UK International Data Transfer Addendum
For transfers of Personal Data subject to the UK GDPR, the UK Addendum to the EU Standard Contractual Clauses (as issued by the Information Commissioner under Section 119A of the Data Protection Act 2018, as updated from time to time) is hereby incorporated by reference. In the event of any conflict between the UK Addendum and the SCCs, the UK Addendum shall prevail with respect to UK transfers.
Swiss Addendum
For transfers of Personal Data subject to the Swiss FADP, the SCCs shall apply with the following modifications: (a) references to the GDPR shall be interpreted as references to the FADP; (b) references to “Member State” shall not be interpreted to exclude Swiss Data Subjects from invoking their rights; (c) the Swiss Federal Data Protection and Information Commissioner shall serve as the competent supervisory authority; and (d) the SCCs shall be governed by Swiss law.
Annex 4 — List of Sub-Processors
This Annex forms part of the DPA and lists the Sub-Processors authorized by Subscriber to Process Personal Data on behalf of Subscriber. Last updated: {{Document.Date}}.
| Sub-Processor | Purpose of Processing | Data Processed | Applicability | Location |
| Google Cloud Platform (GCP) | Primary cloud infrastructure provider. Provides compute, storage, database, and data processing services for the Subscription Services. | Raw data files, transactional data, time clock records, application configuration, processed results | All Subscribers | United States |
| Amazon Web Services (AWS) | Cloud infrastructure provider. Provides temporary data storage via S3 for automated data ingestion. S3 uses secure protocols over HTTPS. | Raw data files, transactional data, time clock records | Subscribers not using GCP storage | United States |
| Auth0 (Okta, Inc.) | Authentication and identity management platform. Provides service authentication and SSO integration. ISO 27001 certified. | Email, name, access group, login IP address | All Subscribers | United States |
| Looker (Google LLC) | Data visualization platform for graphical representation of post-processed operational data. | Transformed and aggregated Subscriber data | All Subscribers | United States |
| Atlassian (Jira) | Change management and issue tracking platform for support and troubleshooting.

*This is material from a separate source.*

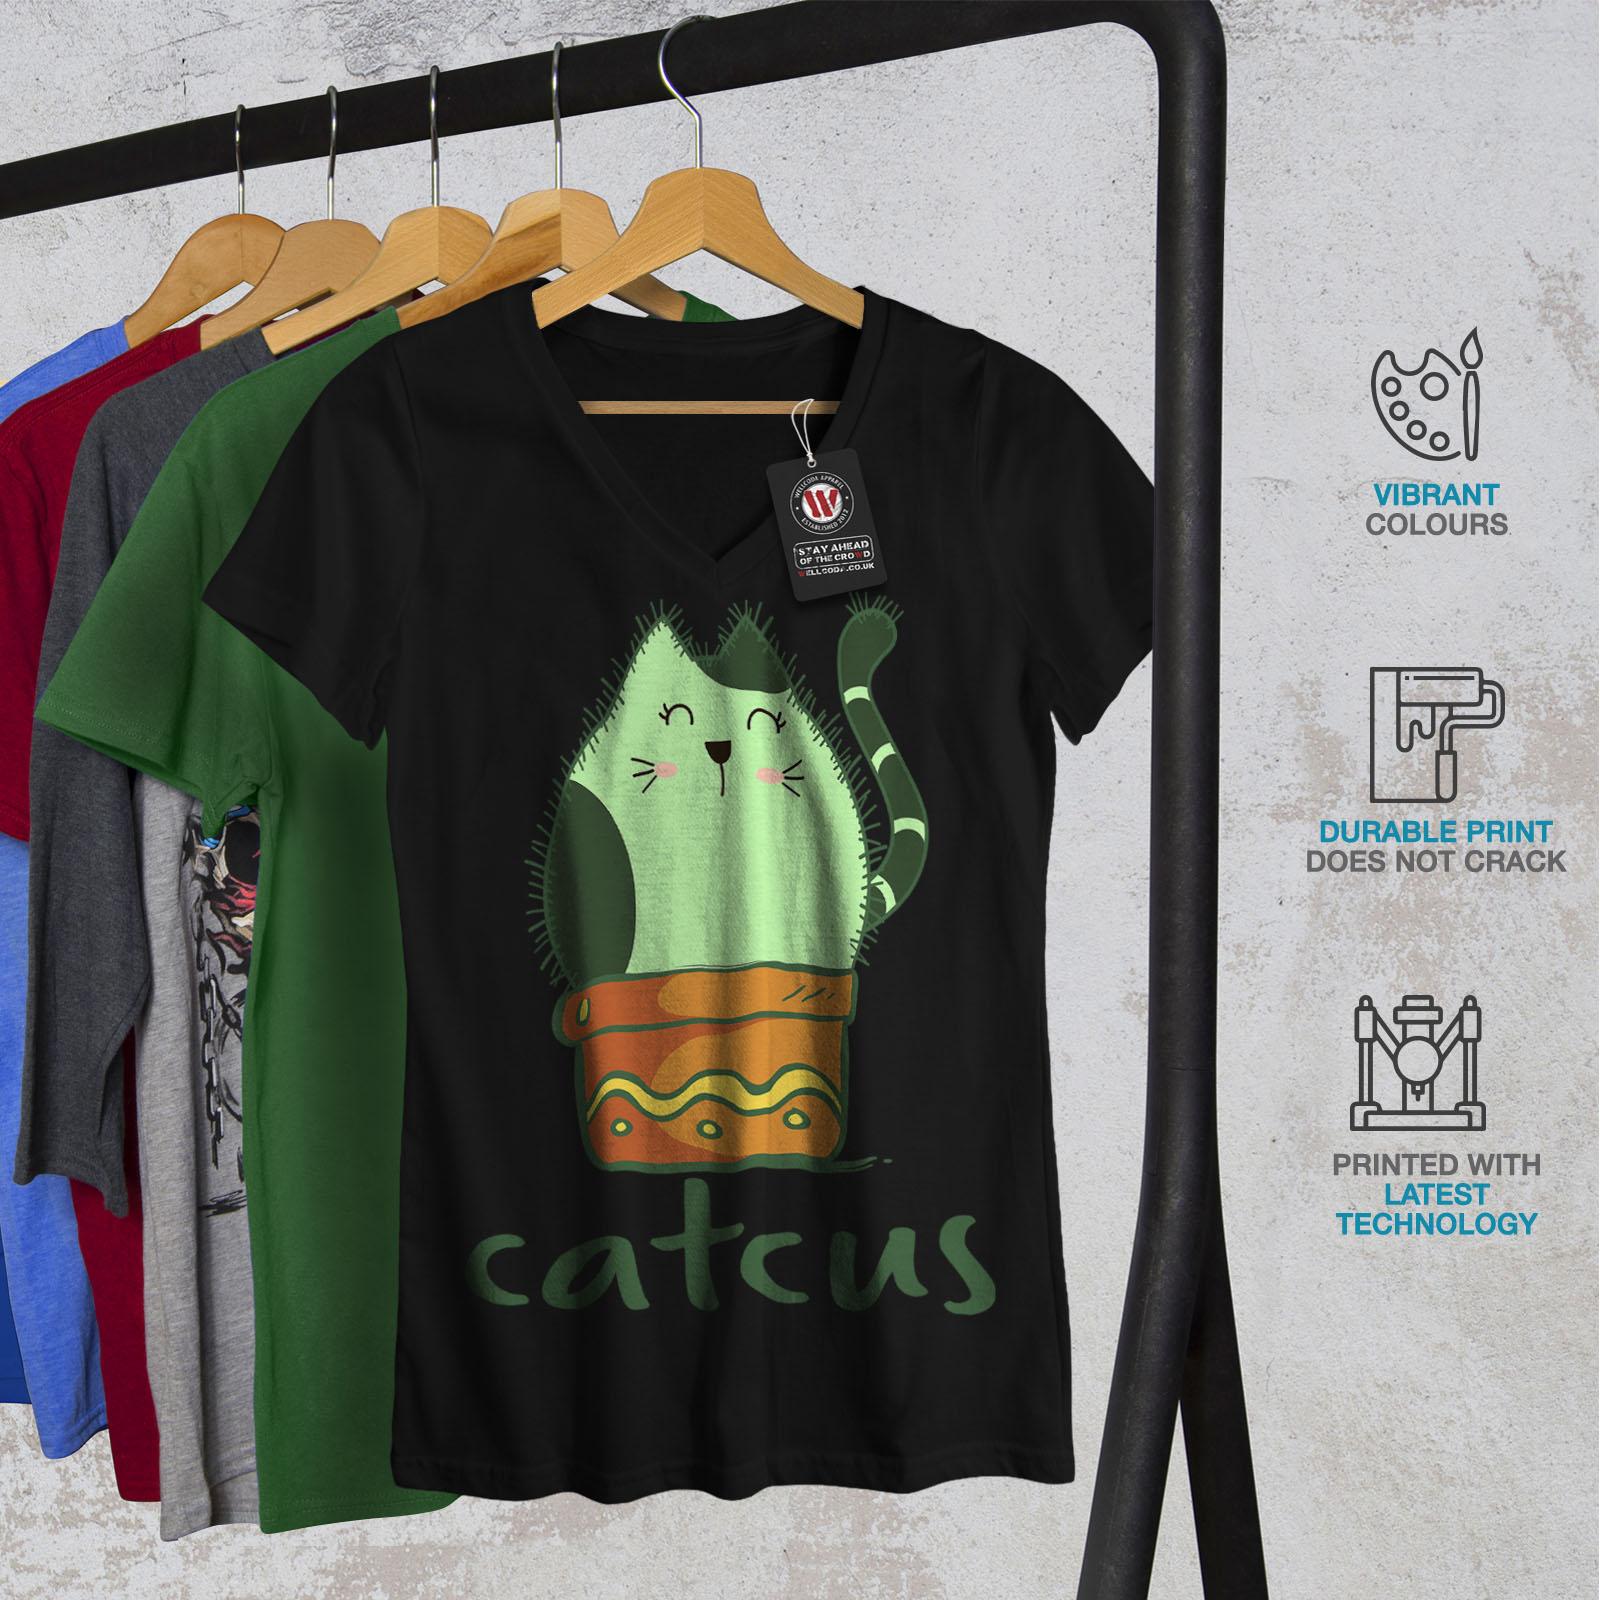 Wellcoda-Cat-Cactus-Womens-V-Neck-T-shirt-Funny-Animal-Graphic-Design-Tee thumbnail 4
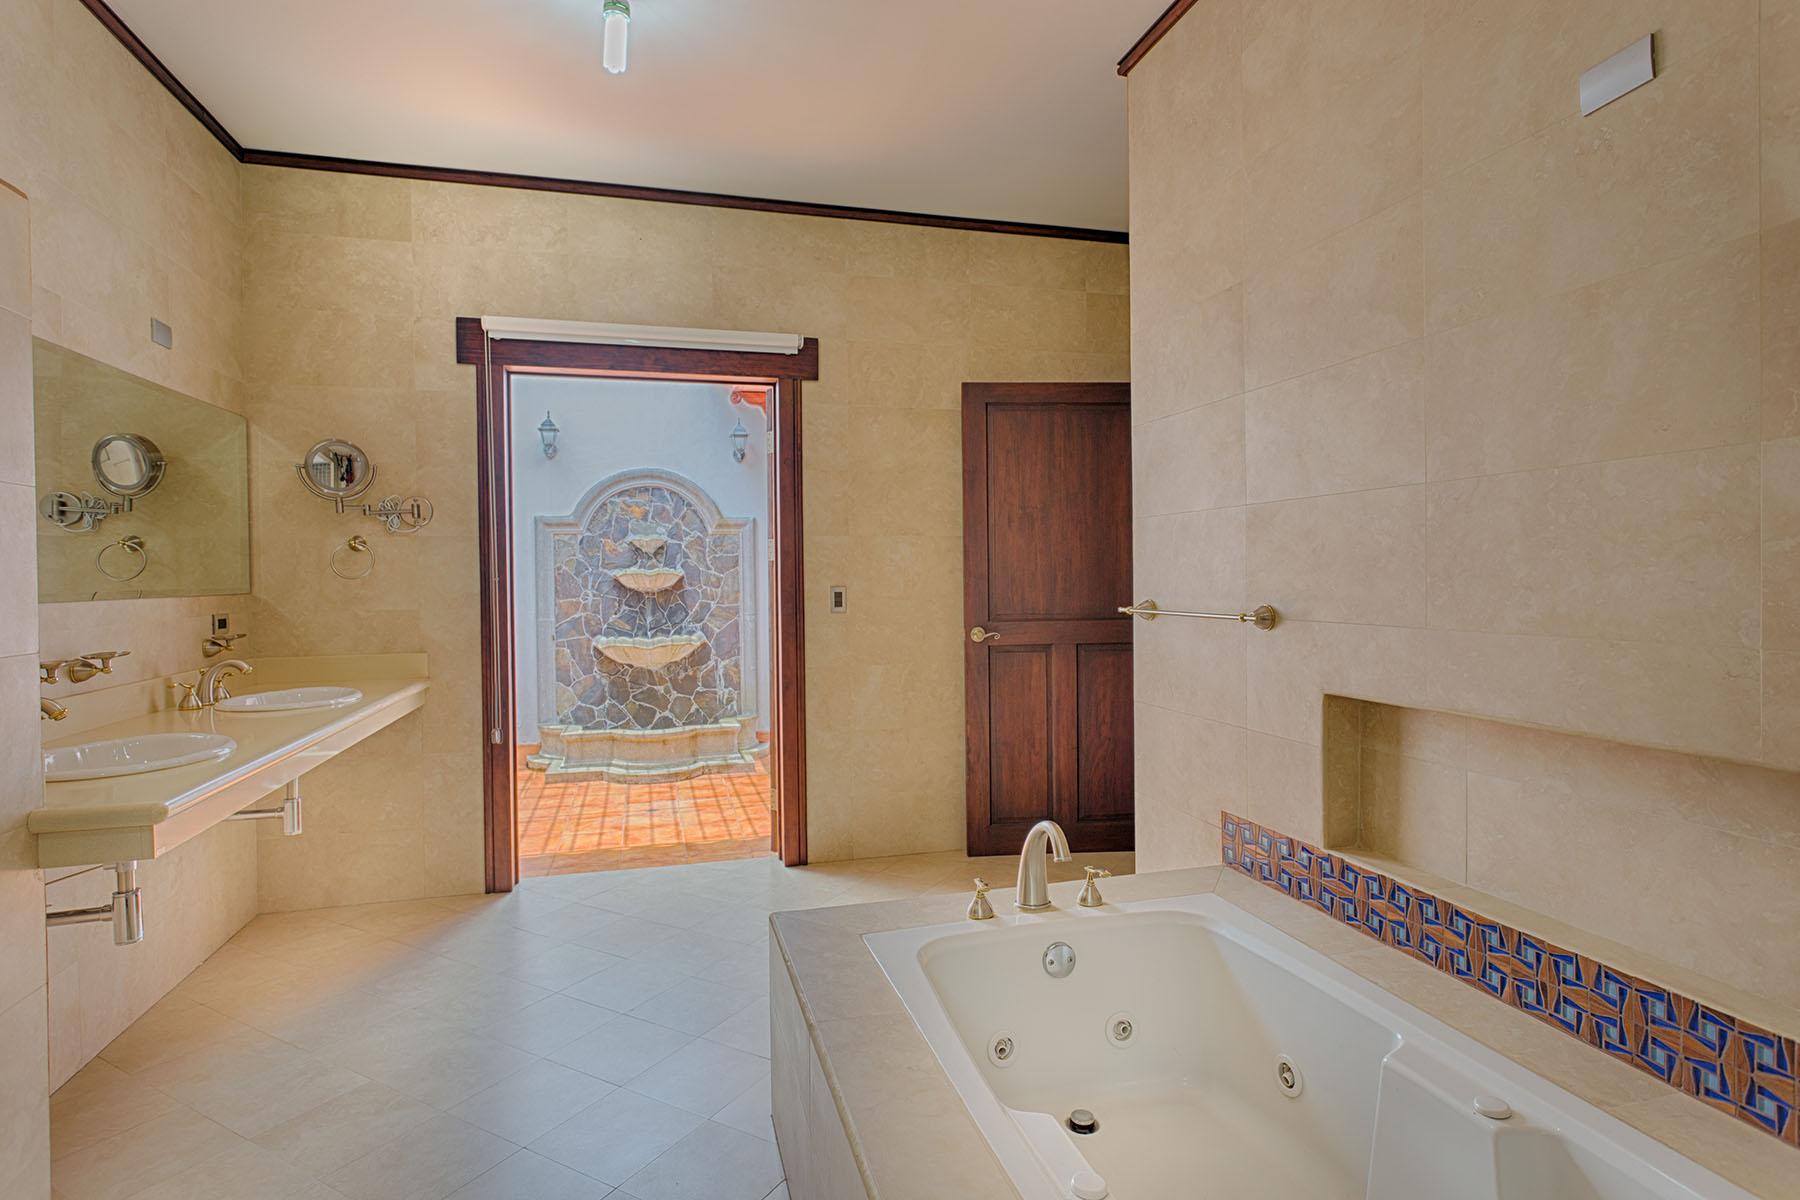 Additional photo for property listing at Refugio del Bosque en el Castillo San Rafael, Heredia Costa Rica

ISO 27001 certified. | Application configuration, raw and processed data for troubleshooting | Subscribers who file support tickets requiring specific data to reproduce | United States / Australia |
| Asana | Project management platform for tracking implementation progress and configuration. | Application configuration, sample data files, point-of-contact information | All Subscribers | United States |
| Salesforce | Subscriber Relationship Management platform for client contact management, sales, and marketing communications. ISO 27001 certified. | Client point-of-contact information, sales communications | Subscribers and prospects contacted through sales and marketing | United States |
| Microsoft (Tableau Cloud) | Business intelligence and data modeling platform for executive reporting. | Raw data, transformed data | Subscribers requesting specialized BI integrations | United States |
| Consero Global | Financial operations and billing management. | Contracts, SLAs, points of contact | All Subscribers | United States |
Easy Metrics shall update this Annex as necessary and shall notify Subscriber of any changes in accordance with Section 5.2 of this DPA.